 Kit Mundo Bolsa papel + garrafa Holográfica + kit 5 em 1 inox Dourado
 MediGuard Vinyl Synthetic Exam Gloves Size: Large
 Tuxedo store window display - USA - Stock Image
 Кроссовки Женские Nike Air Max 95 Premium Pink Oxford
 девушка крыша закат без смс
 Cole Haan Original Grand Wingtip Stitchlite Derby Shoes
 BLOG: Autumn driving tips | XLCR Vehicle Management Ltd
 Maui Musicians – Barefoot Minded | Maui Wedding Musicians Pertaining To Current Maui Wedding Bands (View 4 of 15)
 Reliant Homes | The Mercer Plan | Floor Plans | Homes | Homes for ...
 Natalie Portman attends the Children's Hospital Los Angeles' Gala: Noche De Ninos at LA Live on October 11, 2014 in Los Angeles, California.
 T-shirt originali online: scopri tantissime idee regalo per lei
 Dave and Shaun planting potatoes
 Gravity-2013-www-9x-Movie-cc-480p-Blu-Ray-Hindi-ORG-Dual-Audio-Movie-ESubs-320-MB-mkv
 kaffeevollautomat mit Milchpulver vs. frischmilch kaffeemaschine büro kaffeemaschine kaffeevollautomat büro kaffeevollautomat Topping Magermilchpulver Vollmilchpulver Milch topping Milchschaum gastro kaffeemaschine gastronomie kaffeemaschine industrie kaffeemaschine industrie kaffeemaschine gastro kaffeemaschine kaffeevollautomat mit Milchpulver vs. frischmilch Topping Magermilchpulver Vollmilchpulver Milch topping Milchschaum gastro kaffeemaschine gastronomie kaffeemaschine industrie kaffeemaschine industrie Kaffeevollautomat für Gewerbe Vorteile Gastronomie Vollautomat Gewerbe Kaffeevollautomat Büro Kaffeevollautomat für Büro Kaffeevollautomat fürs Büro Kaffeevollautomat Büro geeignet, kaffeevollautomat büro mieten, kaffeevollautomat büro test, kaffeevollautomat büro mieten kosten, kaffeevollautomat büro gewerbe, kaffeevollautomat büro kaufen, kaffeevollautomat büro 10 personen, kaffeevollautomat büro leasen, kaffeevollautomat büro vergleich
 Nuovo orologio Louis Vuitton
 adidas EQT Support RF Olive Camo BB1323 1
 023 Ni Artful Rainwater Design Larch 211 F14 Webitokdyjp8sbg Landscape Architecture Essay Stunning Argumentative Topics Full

* * *

◆ ASSIGNMENT ◆
Starting with the first entry and ending with the last, give all of them again unchanged.

◆ SOLVED PROBLEM ◆
 Kit Mundo Bolsa papel + garrafa Holográfica + kit 5 em 1 inox Dourado
 MediGuard Vinyl Synthetic Exam Gloves Size: Large
 Tuxedo store window display - USA - Stock Image
 Кроссовки Женские Nike Air Max 95 Premium Pink Oxford
 девушка крыша закат без смс
 Cole Haan Original Grand Wingtip Stitchlite Derby Shoes
 BLOG: Autumn driving tips | XLCR Vehicle Management Ltd
 Maui Musicians – Barefoot Minded | Maui Wedding Musicians Pertaining To Current Maui Wedding Bands (View 4 of 15)
 Reliant Homes | The Mercer Plan | Floor Plans | Homes | Homes for ...
 Natalie Portman attends the Children's Hospital Los Angeles' Gala: Noche De Ninos at LA Live on October 11, 2014 in Los Angeles, California.
 T-shirt originali online: scopri tantissime idee regalo per lei
 Dave and Shaun planting potatoes
 Gravity-2013-www-9x-Movie-cc-480p-Blu-Ray-Hindi-ORG-Dual-Audio-Movie-ESubs-320-MB-mkv
 kaffeevollautomat mit Milchpulver vs. frischmilch kaffeemaschine büro kaffeemaschine kaffeevollautomat büro kaffeevollautomat Topping Magermilchpulver Vollmilchpulver Milch topping Milchschaum gastro kaffeemaschine gastronomie kaffeemaschine industrie kaffeemaschine industrie kaffeemaschine gastro kaffeemaschine kaffeevollautomat mit Milchpulver vs. frischmilch Topping Magermilchpulver Vollmilchpulver Milch topping Milchschaum gastro kaffeemaschine gastronomie kaffeemaschine industrie kaffeemaschine industrie Kaffeevollautomat für Gewerbe Vorteile Gastronomie Vollautomat Gewerbe Kaffeevollautomat Büro Kaffeevollautomat für Büro Kaffeevollautomat fürs Büro Kaffeevollautomat Büro geeignet, kaffeevollautomat büro mieten, kaffeevollautomat büro test, kaffeevollautomat büro mieten kosten, kaffeevollautomat büro gewerbe, kaffeevollautomat büro kaufen, kaffeevollautomat büro 10 personen, kaffeevollautomat büro leasen, kaffeevollautomat büro vergleich
 Nuovo orologio Louis Vuitton
 adidas EQT Support RF Olive Camo BB1323 1
 023 Ni Artful Rainwater Design Larch 211 F14 Webitokdyjp8sbg Landscape Architecture Essay Stunning Argumentative Topics Full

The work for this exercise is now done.